I have a process that has called unshare
to create a new network namespace with just itself inside. When it calls execve
to launch bash, the ip command shows that I have just an lo
device. If I also create a user namespace and arrange for my process to be root inside the namespace, I can use the ip
command to bring that device up and it works.
I can also use the ip
command to create a veth
device in this namespace. But it doesn't show up in ip netns list
and the new veth
device doesn't show up in the root level namespace (as I'd expect). How do I connect a veth
device in the root-level namespace to my new veth
device inside my process namespace? The ip
command seems to require that the namespace has a name assigned by the ip
command, and mine doesn't because I didn't use ip netns add
to create it.
Maybe I could do it by writing my own program that used the netlink device and set things up. But I'd really prefer not to. Is there a way to do this through the command line?
There must be a way to do it, because docker containers have their own network namespace as well, and that namespace is also unnamed. Yet there is a veth
device inside it that's connected to a veth
device outside it.
My goal is to dynamically create a process isolation context, ideally without needing to become root outside the container. To this end I'm going to be creating a PID namespace, a UID namespace, a network namespace, an IPC namespace, and mount namespace. I may also create a cgroup namespace, but those are newish and I need to be able to run on currently supported versions of SLES, RHEL, and Ubuntu LTS.
I've been working through this one namespace at a time, and I currently have User, PID and mount namespaces working satisfactorily.

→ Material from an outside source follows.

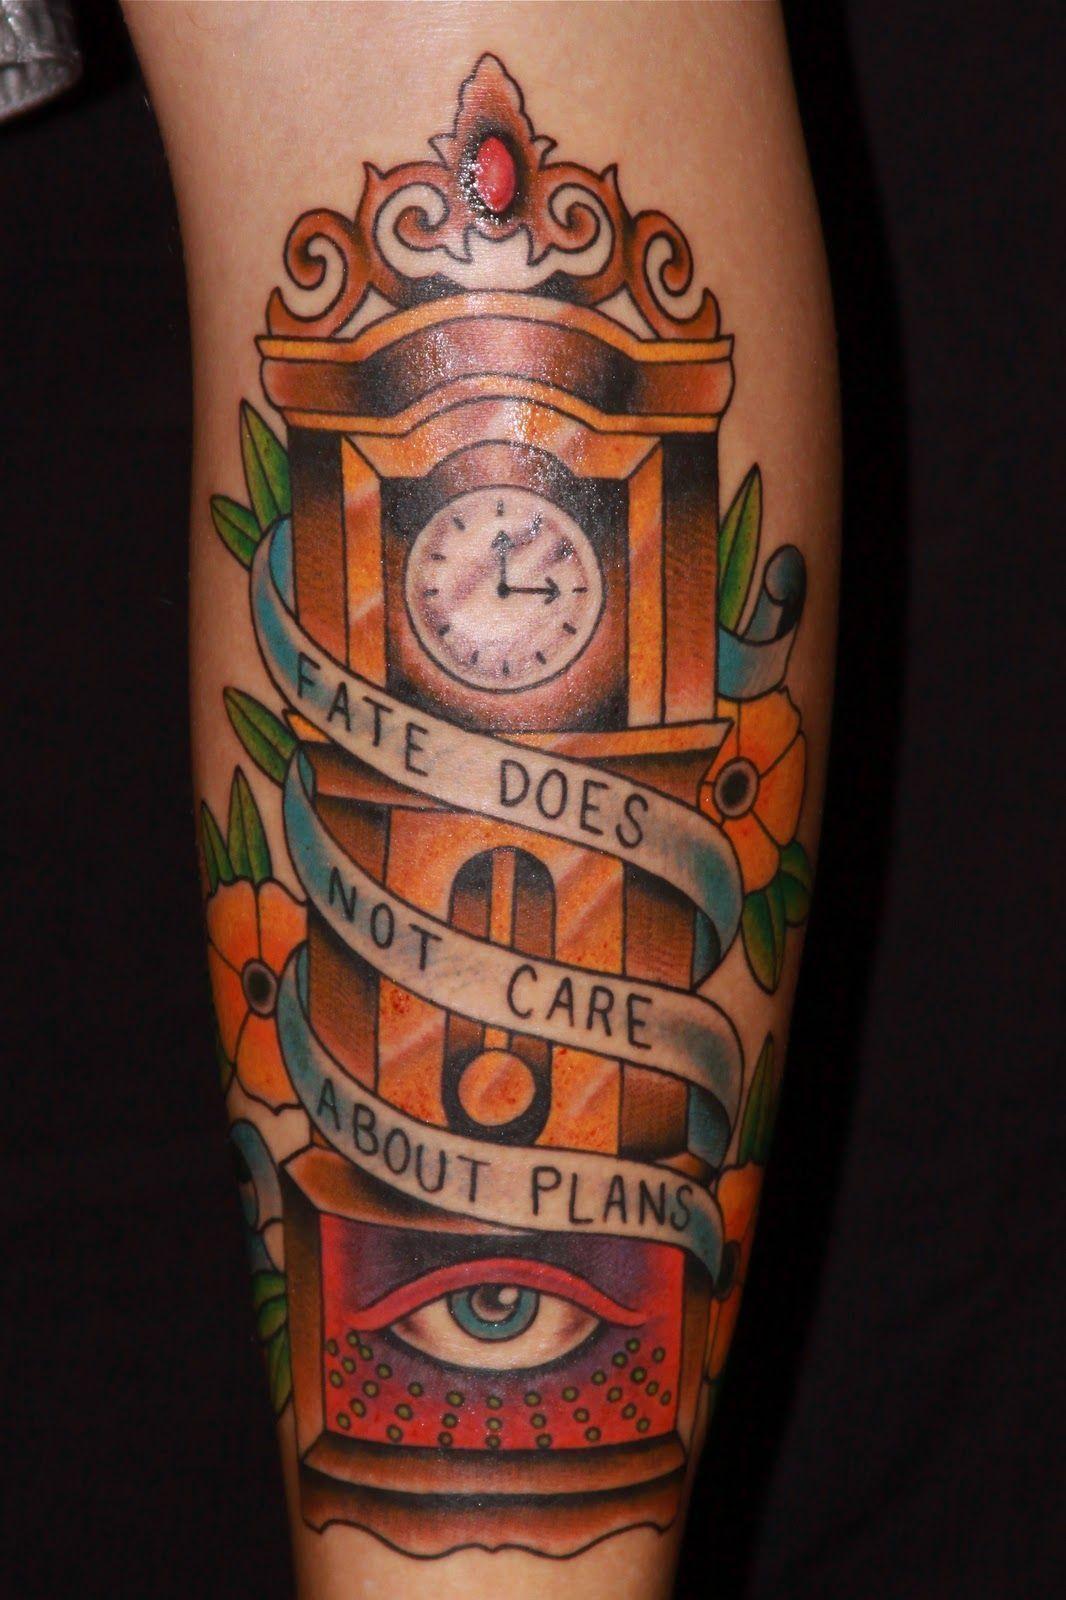 Tropical Decor Antique Clock Tattoo Design Antique Clock Tattoo Design Table Watch Antique Cl In 2020 Grandfather Clock Tattoo Grandfather Tattoo Clock Tattoo

I can mount /proc/pid/ns/net
if I must, but I would prefer to do that from inside the user namespace so (again) I don't have to be root outside the namespace. Mostly, I want everything to disappear as soon as all the processes in the namespace are gone. Having a bunch of state to clean up on the filesystem when I'm done would be less than ideal. Though creating it temporarily when the container is first allocated and then immediately removing it is far better than having to clean it up when the container exits.
No, I can't use docker, lxc, rkt, or any other existing solution such that I'd be relying on anything other than bog-standard system utilities (like ip), system libraries like glibc, and Linux system calls.